Exercise
Print exactly the lines below between the line holding "ทีเอ็มบีและธนชาต จัดกิจกรรม TMB" and the line holding "Ski Train Price Comparison Service Launched", inclusive, and nothing more.

Data records
((

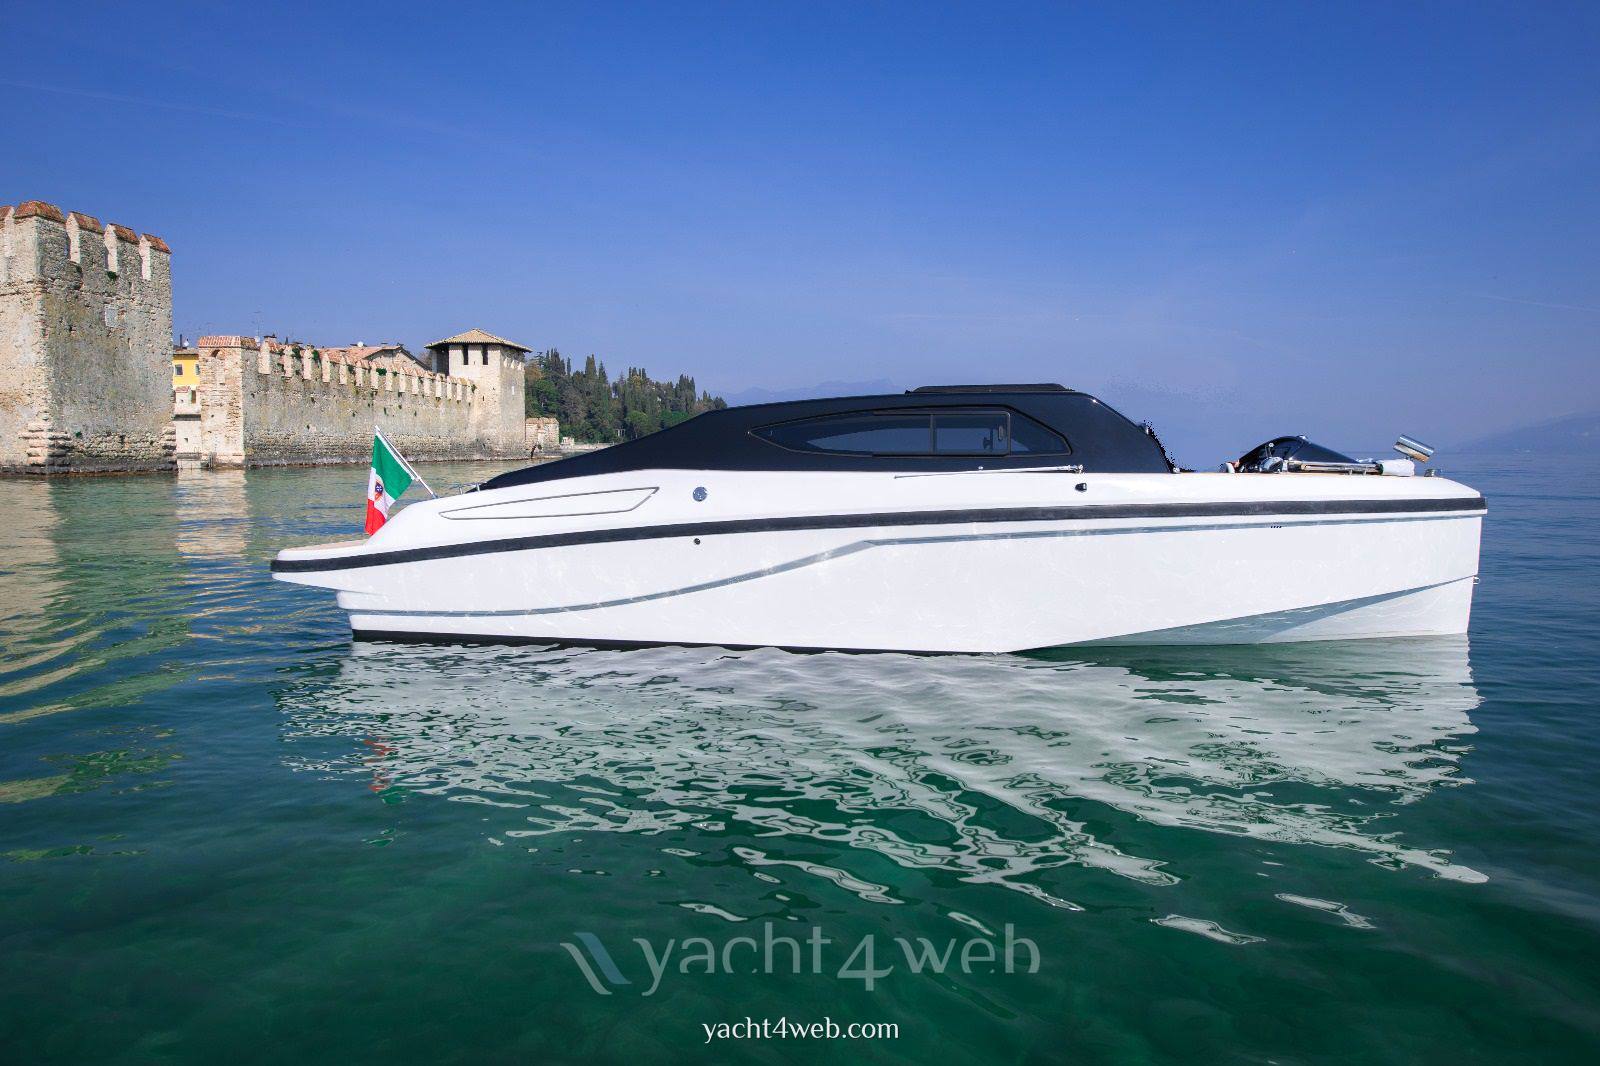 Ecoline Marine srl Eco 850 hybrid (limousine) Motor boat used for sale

))
((

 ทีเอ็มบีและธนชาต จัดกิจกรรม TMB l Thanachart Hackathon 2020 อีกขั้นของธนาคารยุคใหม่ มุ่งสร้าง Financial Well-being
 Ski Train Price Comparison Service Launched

))

Solution
 ทีเอ็มบีและธนชาต จัดกิจกรรม TMB l Thanachart Hackathon 2020 อีกขั้นของธนาคารยุคใหม่ มุ่งสร้าง Financial Well-being
 Ski Train Price Comparison Service Launched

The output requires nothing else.